Die kapitalistische Krise macht Rechte stark
Die AfD ist nicht die Partei der kleinen Leute. Besonders ihr neoliberaler westdeutscher Teil will Arbeitnehmer massiv schwächen. Es genüge also nicht, nur moralisch die Ausländerfeindlichkeit und Frauenfeindlichkeit der AfD zu kritisieren – so das Ergebnis des Workshops Analyse.
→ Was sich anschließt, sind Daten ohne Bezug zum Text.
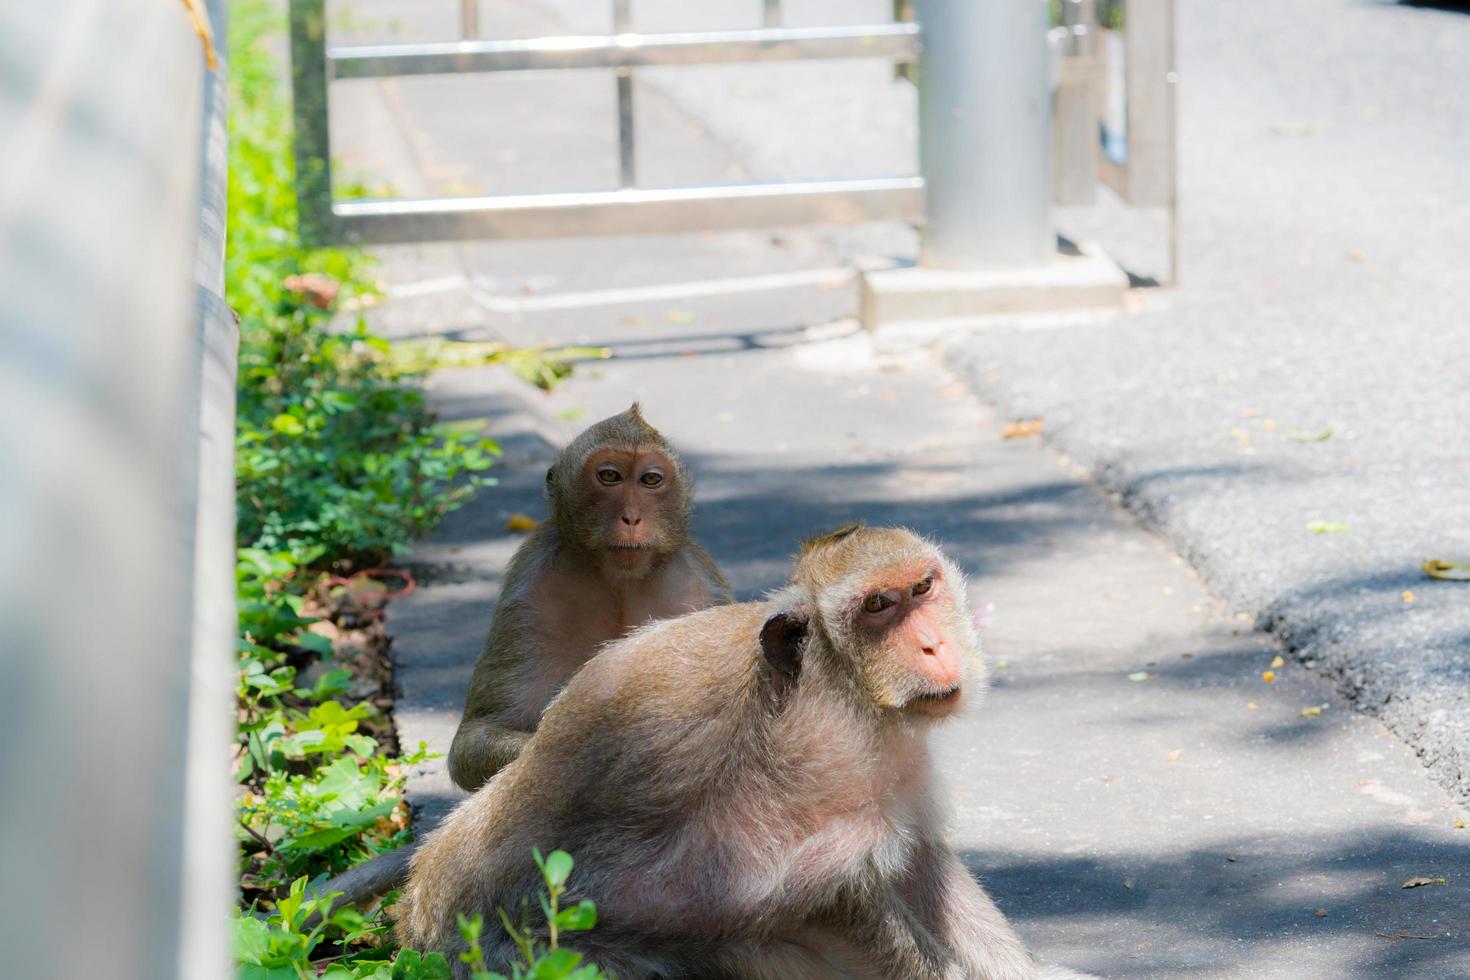 dos monos miran con sospecha y parecen borrachos. lindos monos al lado de la carretera asfaltada. animal en la ciudad. foto

Dort wurde der Zusammenhang des Aufstiegs der Rechten mit der kapitalistischen Krise herausgestellt, die in Deutschland später als anderswo und weniger massiv angelangt ist.
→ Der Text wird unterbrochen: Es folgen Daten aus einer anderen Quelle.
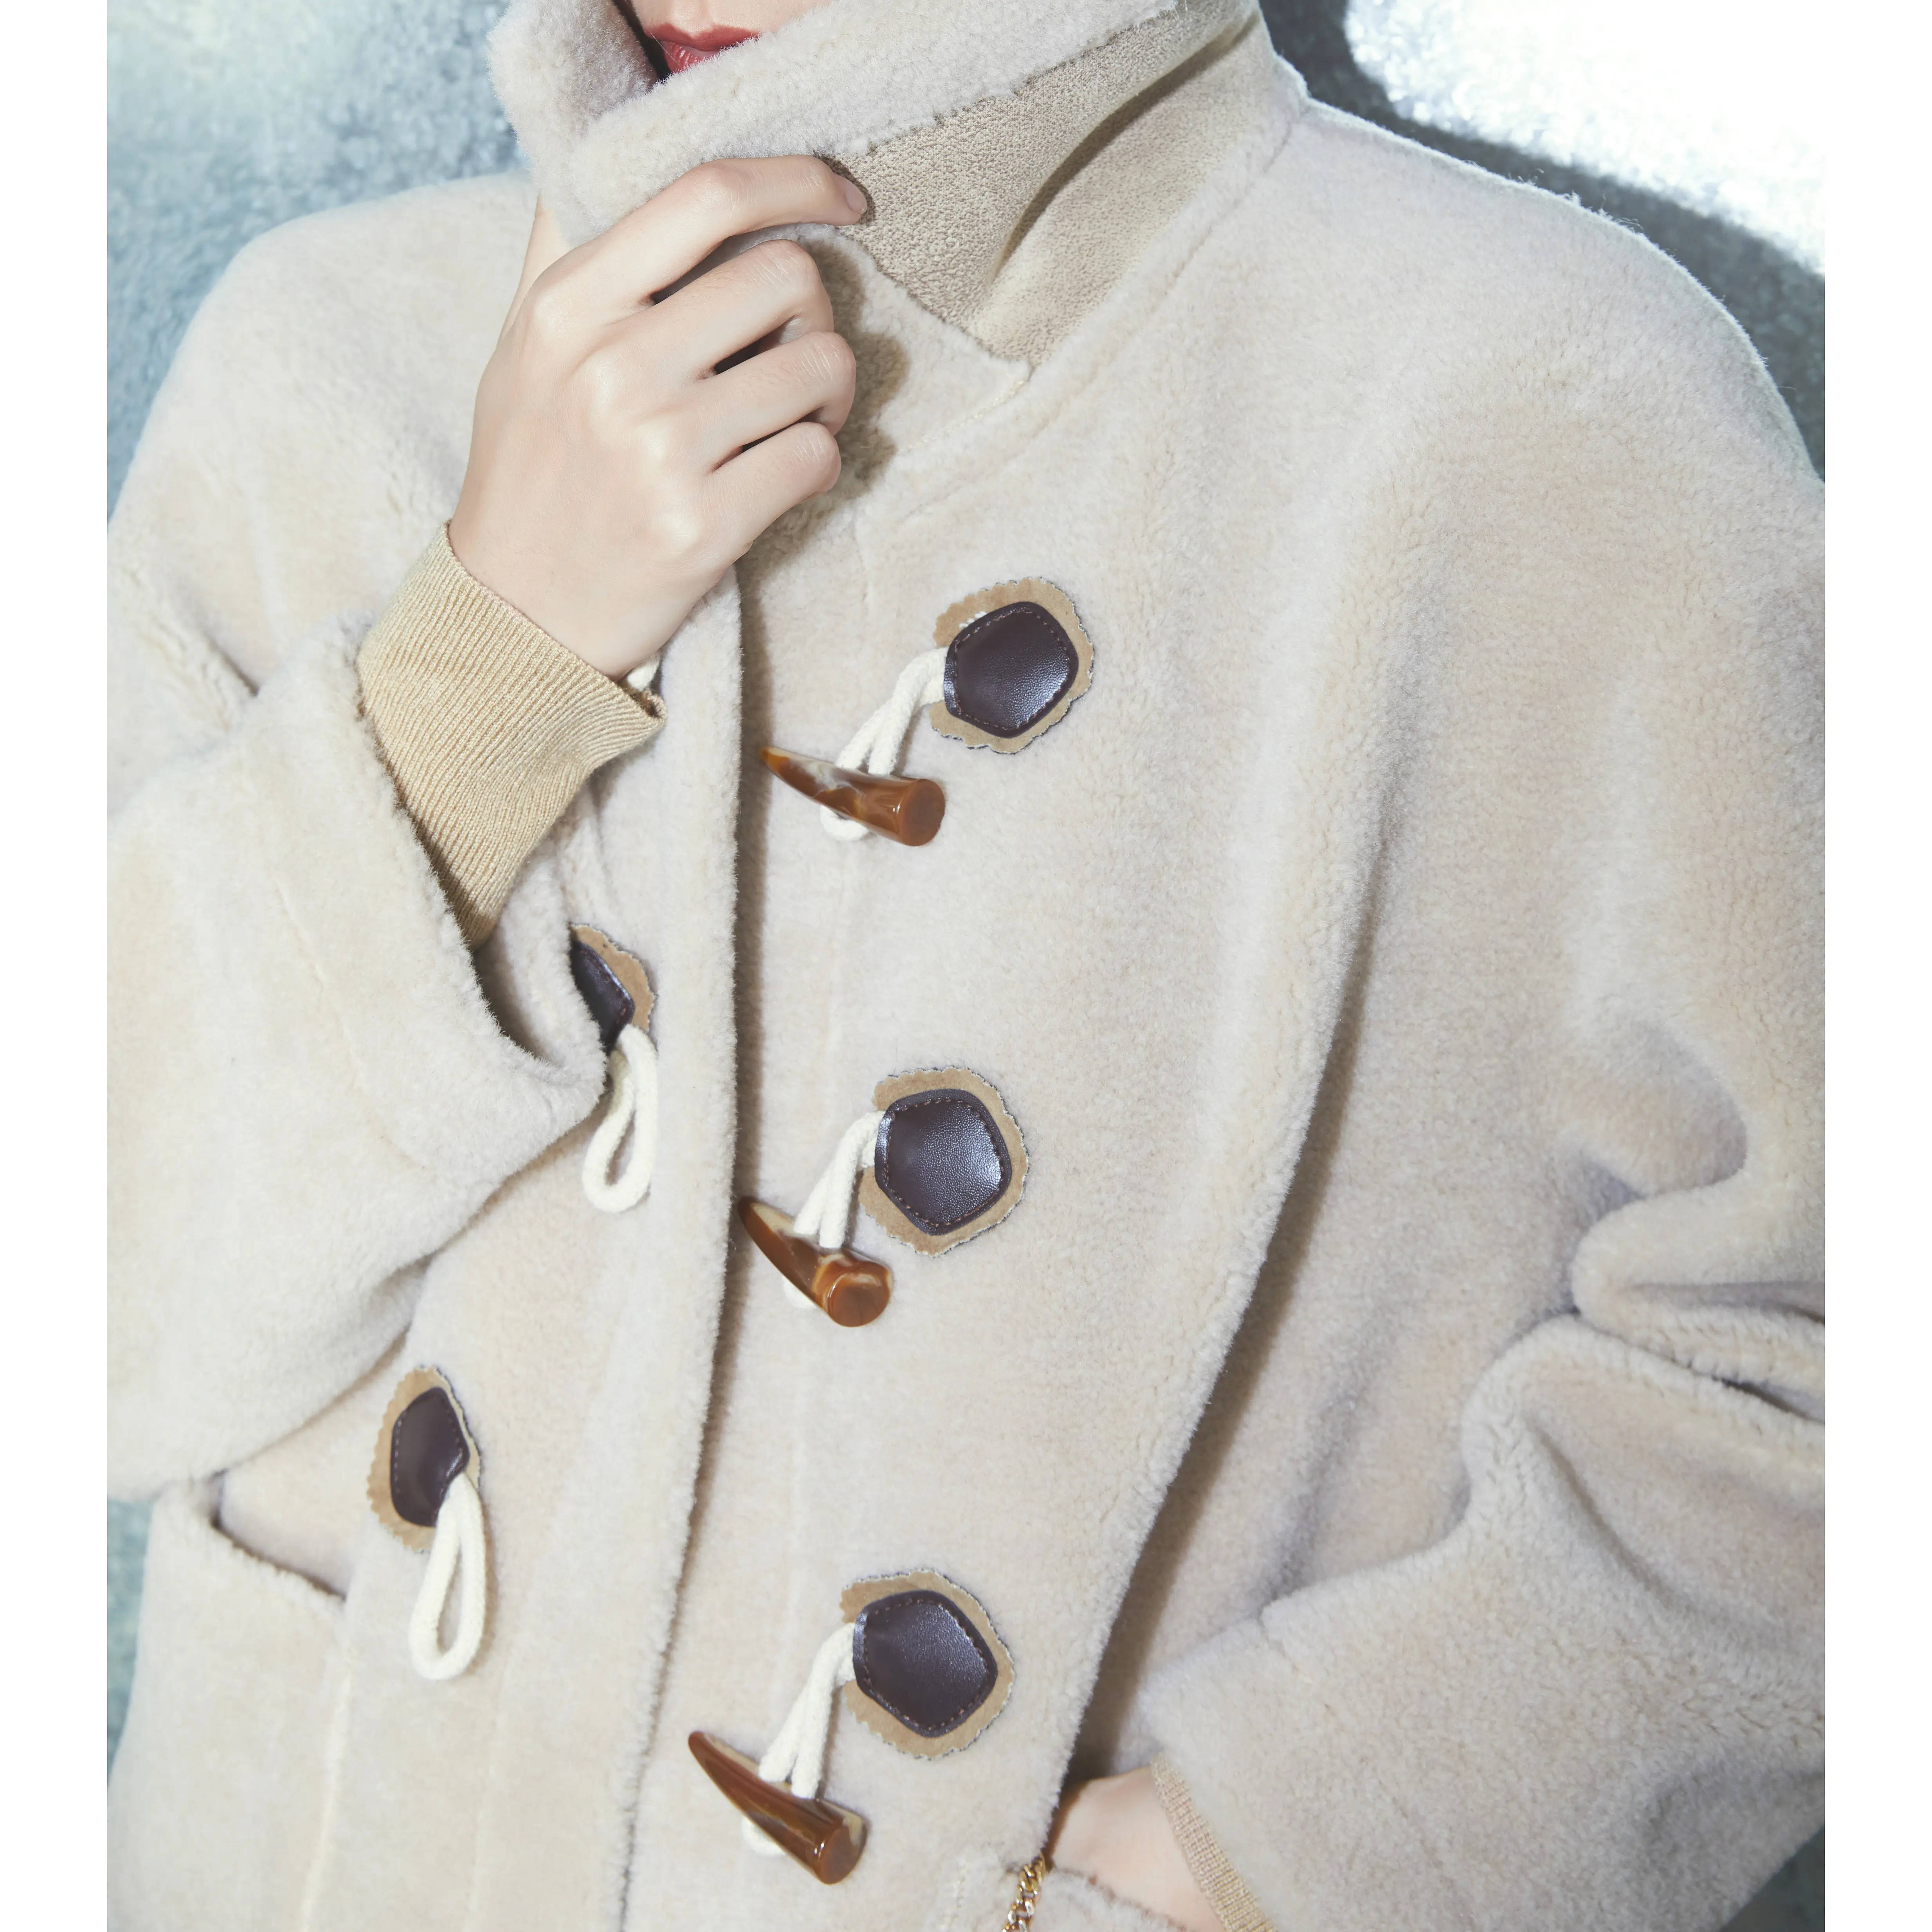 Ofis bayanlar kış giyim sıcak tutan kaban Retro yaka uzun kadın ceketi dokuma kış giysileri düz boyalı geçiş düğmesi polar

Doch jetzt tragen die Verunsicherung breiter Teile der Bevölkerung durch die Aushöhlung des Sozialstaats und die Ausweitung prekärer Verhältnisse zu diesem Aufstieg bei, aber auch die „sehr geschickten Kommunikationsstrategien“ der Rechten und die Enttabuisierung ihrer Positionen. Im Zug der sogenannten Flüchtlingskrise wurden die diffuse Scheu der Bevölkerung dann rassistisch aufgeladen und die Zugewanderten zu Sündenböcken gemacht.
Ein neues Gefühl der Solidarität
Es reiche nicht, die AfD nur moralisch zu kritisieren. Man müsse auch argumentativ auf ihr Wahlprogramm eingehen: Das war auch ein Ergebnis des Workshops Aktion. Dort gab es „unglaublich viele Ideen“, wurde anschließend im Plenum berichtet, aber zu wenig Leute, die sie umsetzen.
Um vor Ort, aber auch in den Medien, in Schulen und Kultur wieder in die Offensive zu kommen, brauche man „ein Gefühl der Solidarität“. Es gibt bereits Bündnisse, Zusammenschlüsse, Parteien und Netzwerke gegen Rechts, so das Ergebnis des Workshops Vernetzung. Sie wollen sich nun stärker austauschen und enger zusammenarbeiten.